“No.” She squeezed her eyes tight. “God, don’t you realize it would have been worse if I had? If Whitney couldn’t believe I’d be objective, if Simpson even got a whiff that I showed you any degree of preferential treatment, it would have been worse. I couldn’t have moved on the psych profile so fast. Couldn’t have put Feeney on a priority basis to check the trail of the weapon to eliminate probable cause.”
“I hadn’t thought of that,” he said quietly. “I hadn’t thought.” When he laid a hand on her shoulder, she shrugged it off, turned on him with blazing eyes.
“Goddamn it, I told you to bring an attorney. I told you. If Feeney hadn’t hit the right buttons, they could have held you. You’re only out because he did, and the profile didn’t fit.”
He touched her again; she jerked back again. “It appears I didn’t need an attorney. All I needed was you.”
“It doesn’t matter.” She battled control back into place. “It’s done. The fact that you have an unassailable alibi for the time of the murder, and that the gun was an obvious plant shifts the focus away from you.” She felt sick, unbearably tired. “It may not eliminate you completely, but Dr. Mira’s profiles are gold. Nobody overturns her diagnostics. She’s eliminated you, and that carries a lot of weight with the department and the PA.”
“I wasn’t worried about the department or the PA.”
“You should have been.”
“It seems you’ve worried enough for me. I’m very sorry.”
“Forget it.”
“I’ve seen shadows under your eyes too often since I’ve known you.” He traced a thumb along them. “I don’t like being responsible for the ones I see now.”
“I’m responsible for myself.”
“And I had nothing to do with putting your job in jeopardy?”
Damn Feeney, she thought viciously. “I make my own decisions. I pay my own consequences.”
Not this time, he thought. Not alone. “The night after we’d been together, I called. I could see you were worried, but you brushed it off. Feeney told me exactly why you were worried that night.

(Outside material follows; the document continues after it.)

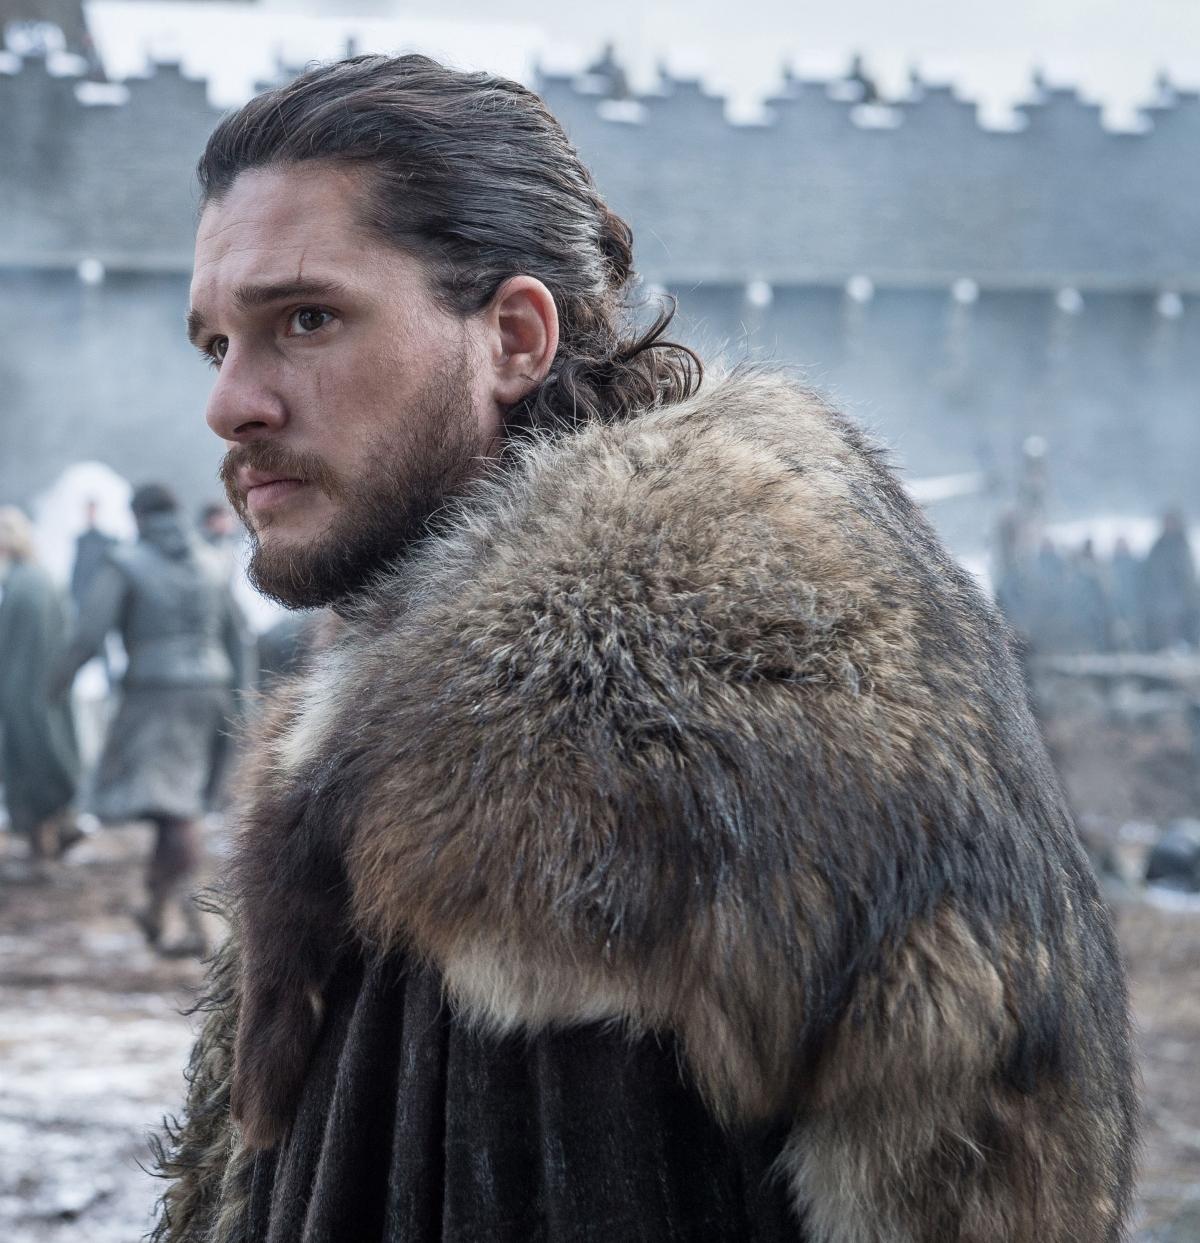 """Áp lực từ vai diễn """"Jon Snow"""" trong loạt phim đình đám """"Game of thrones"""" đã khiến Harington mắc bệnh trầm cảm và chứng nghiện rượu."""

Your angry friend wanted to pay me back for making you unhappy. He did.”
“Feeney had no right—”
“Perhaps not. He wouldn’t have had to if you’d confided in me.” He took both her arms to stop her quick movement. “Don’t turn away from me,” he warned, his voice low. “You’re good at shutting people out, Eve. But it won’t work with me.”
“What did you expect, that I’d come crying to you? ‘Roarke, you seduced me, and now I’m in trouble. Help.’ The hell with that, you didn’t seduce me. I went to bed with you because I wanted to. Wanted to enough that I didn’t think about ethics. I got slammed for it, and I’m handling it. I don’t need help.”
“Don’t want it, certainly.”
“Don’t need it.” She wouldn’t humiliate herself by struggling away now, but stood passive. “The commander’s satisfied that you’re not involved in the murders. You’re clear, so other than what the department will officially term an error in judgment on my part, so am I. If I’d been wrong about you, it’d be different.”
“If you’d been wrong about me, it would have cost you your badge.”
“Yes. I’d have lost my badge. I’d have lost everything. I’d have deserved to. But it didn’t happen, so it’s over. Move on.”
“Do you really think I’m going to walk away?”
It weakened her, that soft, gentle lilt that came into his voice. “I can’t afford you, Roarke. I can’t afford to get involved.”
He stepped forward, laid his hands on the back of the couch, caged her in. “I can’t afford you, either. It doesn’t seem to matter.”
“Look—”
“I’m sorry I hurt you,” he murmured. “Very sorry that I didn’t trust you, then accused you of not trusting me.”
“I didn’t expect you to think any differently. To act any differently.”
That stung more than the blow to the face. “No. I’m sorry for that, too. You risked a great deal for me. Why?”
There were no easy answers. “I believed you.”
He pressed his lips to her brow. “Thank you.”